The focus was on the simplification of data entry, e.g. by enabling import from ORCID or via drag’n’drop from PDF files and the use of BibSonomy as a backend for storing and organizing literature references. With its REST API, it enabled collaborative storage and retrieval of bibliographical metadata. A tool has been built for extracting bibliographical metadata from PDF files using GROBID and storing it in BibSonomy. In this way, bibliographical metadata can be easily added to BibSonomy. The tool comes with a user-friendly interface. The full Java code and an installation guide are published on GitHub: https://github.com/DESIR-CodeSprint/trackB.
Main functions/developments within DESIR:
- Two new ways of submitting data have been implemented, i.e. the option of uploading text files and the option of submitting text directly in the browser using a text field, allowing users to directly copy and paste text parts from other sources
- The tool was provided with an individual user login for BibSonomy, so that users can add bibliographical items to their own BibSonomy accounts
- User interface has been improved by adding new useful features, e.g. the removal of specific items from the list of extracted bibliographical items
The BibSonomy demonstrator is available via CLARIAH-DE.

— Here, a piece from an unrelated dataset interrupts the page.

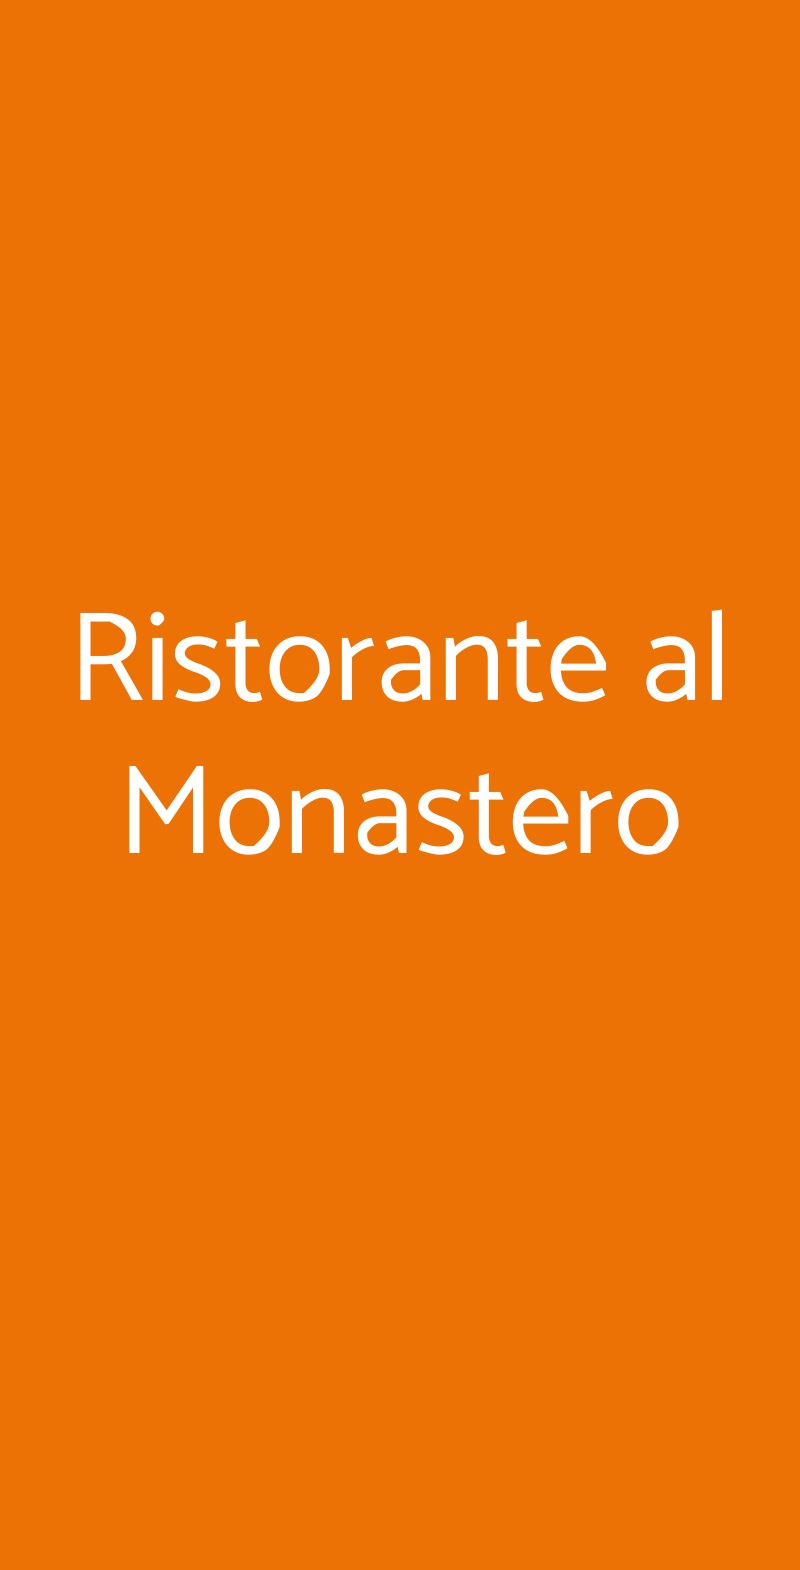 Ristorante al Monastero Soiano del Lago menù 1 pagina

Existing building components of the generic visualization framework VisNow (http://visnow.icm.edu.pl) were used in combination with web frameworks. The prototype web frontend for 3D graph visualization was extended by adding an ego-centred view for nodes (representing authors) and adjacent edges (representing publications with other authors). The 3D interaction concepts were redesigned and example 2D maps were created. A number of expansions were implemented and tested in the 3D interaction part of the web frontend in order to work out the interaction schemes between the user and a 3D graph visualization. Data import codes were created for interaction with Bibsonomy data export files and Bibsonomy API. Modifications of backend data structuring for graph creation were tested with an additional data processing and sorting layer in the backend. An additional 2D visualization was introduced on the frontend side using the high-level descriptive language Vega-Lite.
Access the ViStory-Demonstrator.
Main functions/developments within DESIR:
- Design and development of an internal generic data model of entity relations in time
- Conceptualisation, design and implementation of relation timelines (including co-authorship and citation graphs)
- Web-based 3D visualization
- Creation of mapping from RDF model to internal model
- Creation of mapping from JSON model to internal model
- Creation of mapping from BibSonomy REST API model to internal model
DESIR Work package 4 explored the possibility to enhance existing services on bibliographical metadata for DARIAH. The work package focussed on entity-based search, scholarly content management, visualization and text analytic services. The work had been undertaken from 2017 to 2019 and culminated in two code sprints with external participants and two workshops on software and infrastructure sustainability and quality, and finally a documentation of the undertaken work and results in the DARIAH ERIC Github repository. DESIR has received funding from the European Union’s Horizon 2020 research and innovation programme under grant agreement No 731081. INFRADEV-03-2016-2017 - Individual support to ESFRI and other world-class research infrastructures.